Gulp jerk shads are pretty deadly


----------



## davdoc0011 (Nov 13, 2008)

Mirro Lures for sure!!!!!


----------



## obigwilliso (Feb 26, 2008)

Large zara spook over flats or near grass early morning or late evening. You will get crazy explosions.


----------



## konz (Oct 1, 2007)

I can't tell you my absolute fav. but gulp jerk shads and mirror lures are 2nd and 3rd....lol Oh and you can't foget a good ol' rattle trap (nope I'm not crazy)


----------



## FSUhooker (Aug 9, 2008)

> *obigwilliso (7/15/2009)*Large zara spook over flats or near grass early morning or late evening. You will get crazy explosions.
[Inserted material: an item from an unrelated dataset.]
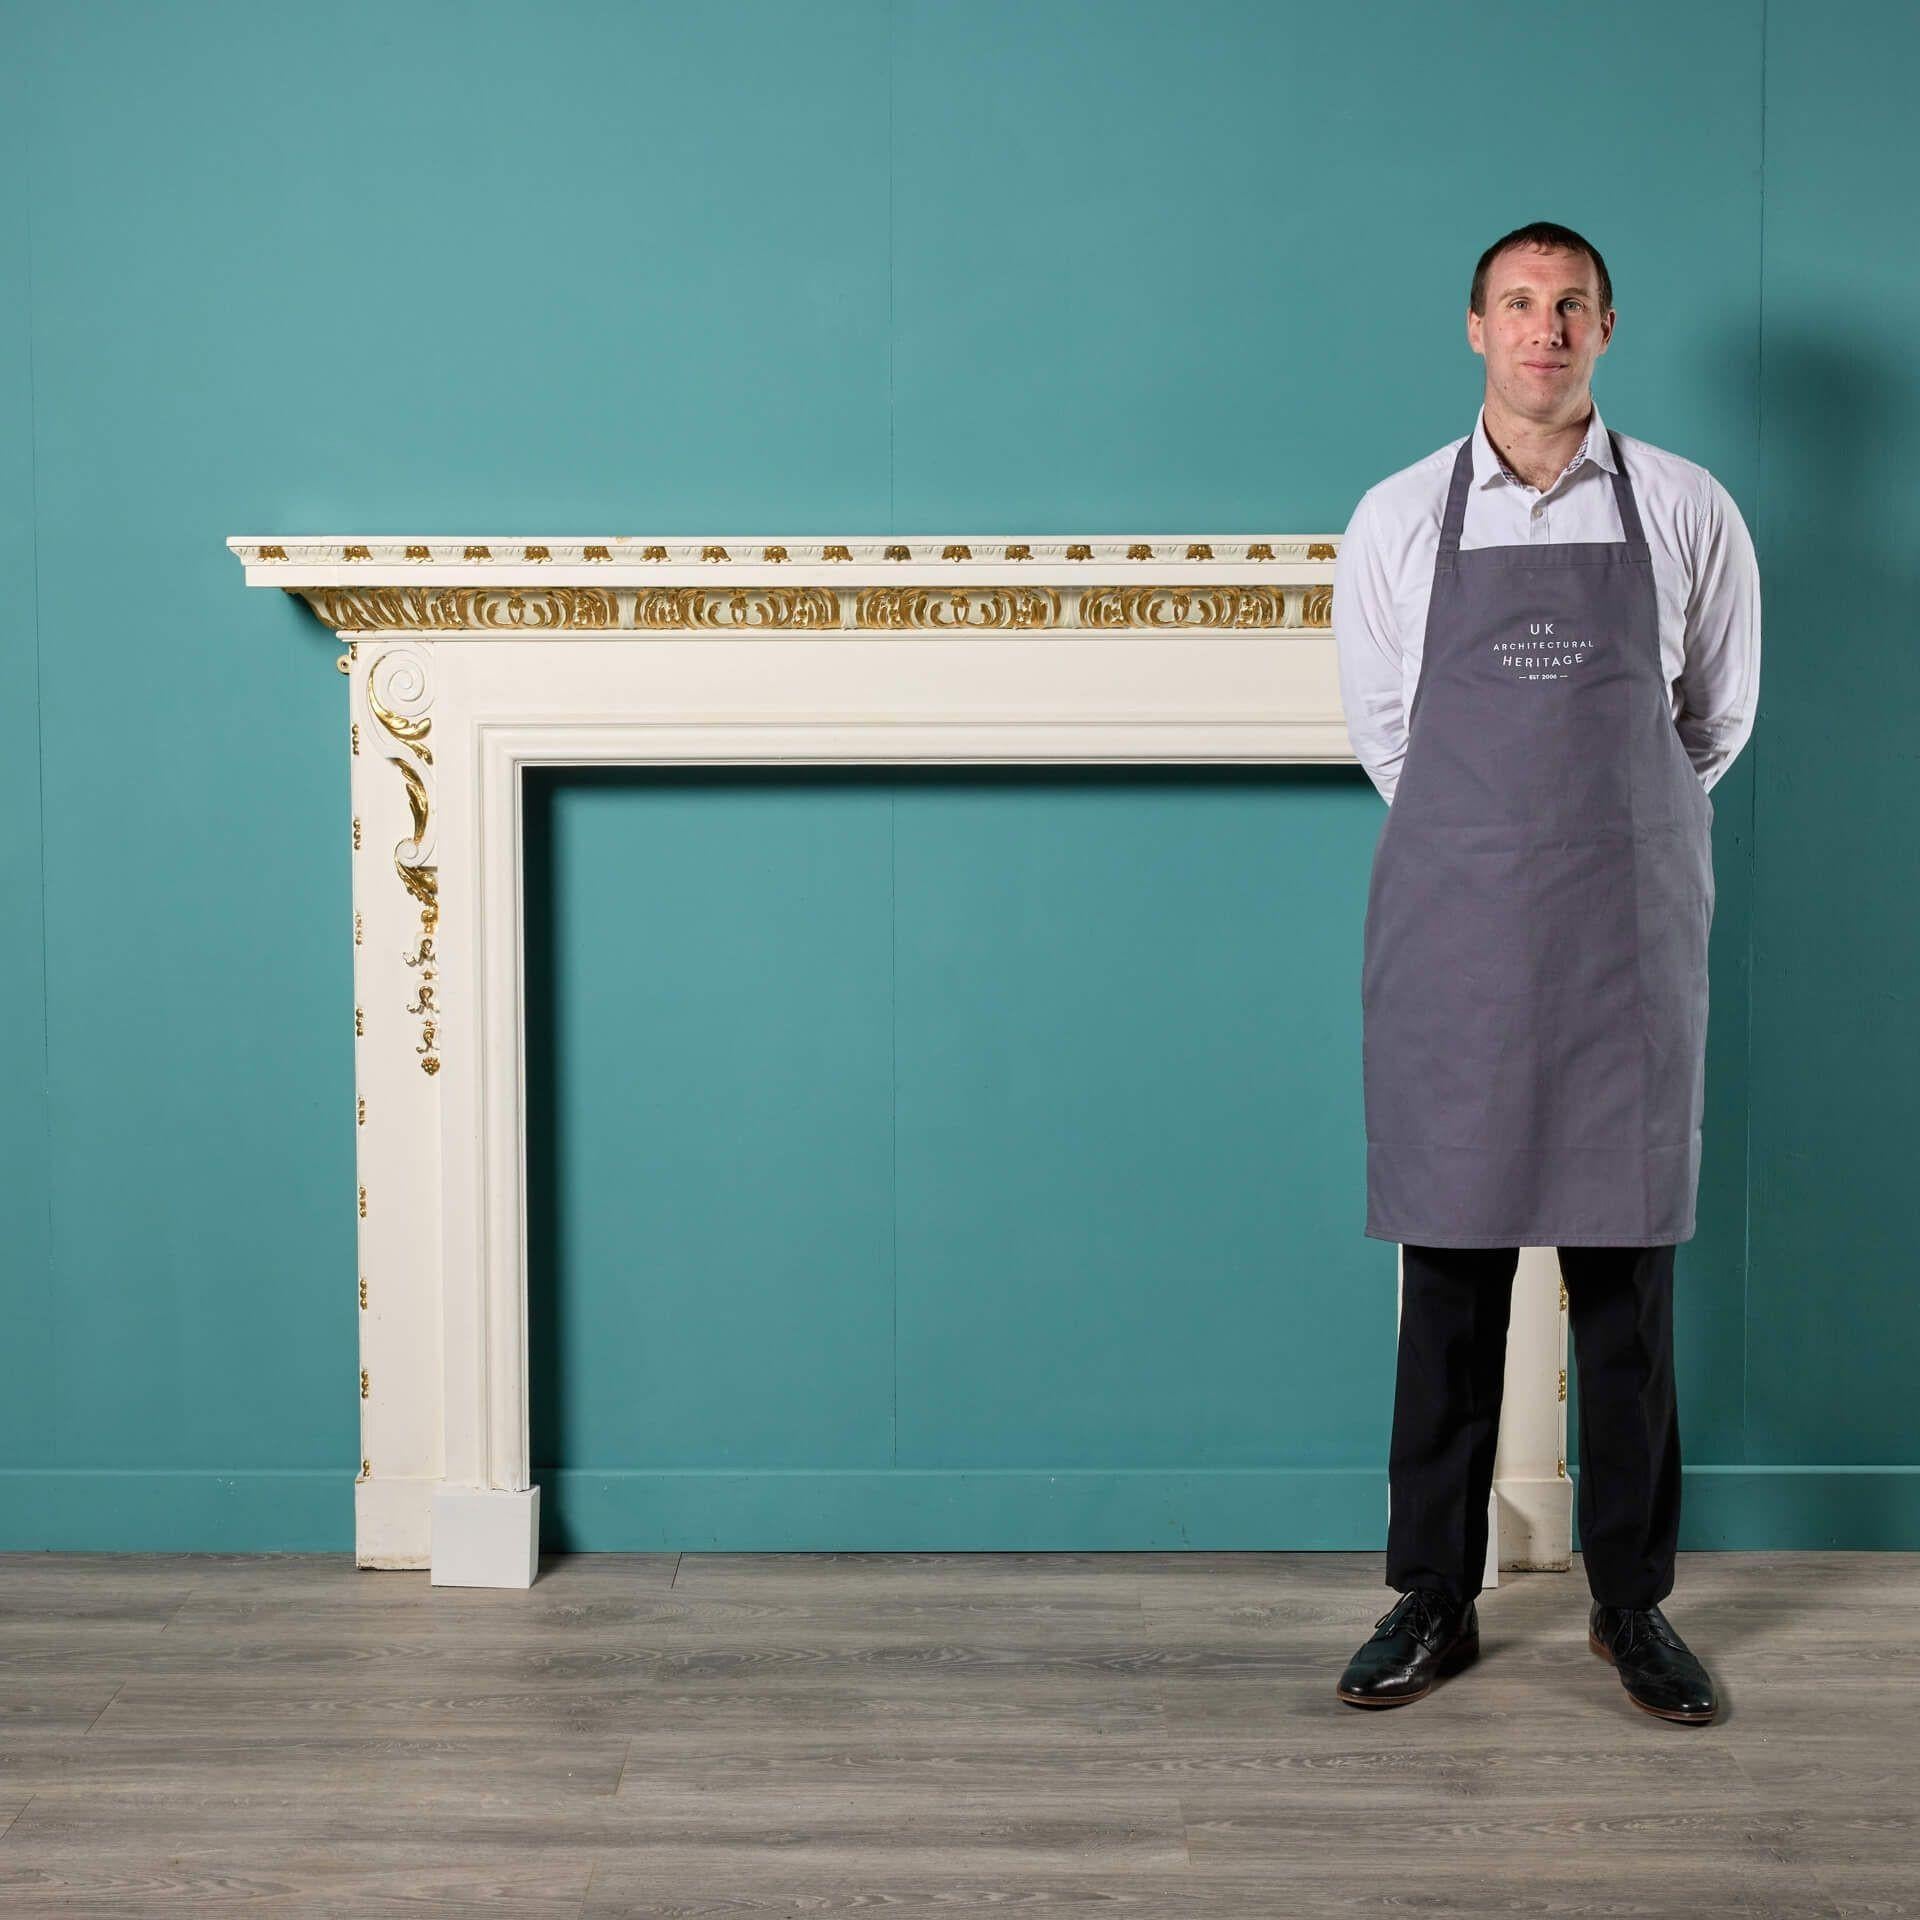 An antique Georgian style painted pine fireplace, sourced from a £13 million house in Hampstead, London.

Painted with gold leaf beneath the mantel and scrolls decorating the jambs, this late 19th century fire surround is an ode to classic Georgian

Have to agree with this one. Nothing quite like using a spook on the grass flats.


----------



## sunnh2o (Jul 28, 2009)

I LOVE MY TOPWATER MIRROLURE. THEY SURE MAKE A STRIKE WHEN THEY GO AT IT.


----------



## lobsterman (Sep 30, 2007)

Top water is my favorite but a gold johnson sprite is extremely hard to beat.


----------



## bay slayer (May 26, 2008)

gulp new penny shrimp and a gold spoon


----------



## [email protected] (Mar 20, 2008)

DOA CAL on 1/8 ounce.


----------



## Private Pilot (Oct 3, 2007)

Bomber Topwater


----------



## Snookn42 (Aug 31, 2009)

Noone likes DOA shrimp? 



I like -- Johnson Sprite gold, DOA Shrimp glow, MirroLure, and then the Berkley Gulp shrimps\


----------



## [email protected] (Mar 20, 2008)

> *Snookn42 (9/16/2009)*Noone likes DOA shrimp?
> 
> I like -- Johnson Sprite gold, DOA Shrimp glow, MirroLure, and then the Berkley Gulp shrimps\


Dont have much luck with them for reds...slaughter the trout on em though!


----------



## Boulder (Aug 21, 2009)

So it seems that everyone likes gold spoons. How do you fish them? Steady retrieve, lift and let em flutter back down? Thanks.


----------



## konz (Oct 1, 2007)

You switch it up until you get a bite. Different methods work on different days.


----------



## todd in the bay (Oct 3, 2007)




----------



## ApexYakin (Jul 8, 2009)

Hands down number one a large chartrusse and white clouser and deciever minnow when fly fishing

Baitcasting/ blind searchinggold or silver spoon hammered

Under lights casting at new penny and electric chicken with 1/8 red jighead


----------



## JoeZ (Sep 30, 2007)

Blind: Gulp jerkshad in camo.

Sight fishing: Gulp crab rigged Holstman-style or same jerkshad


----------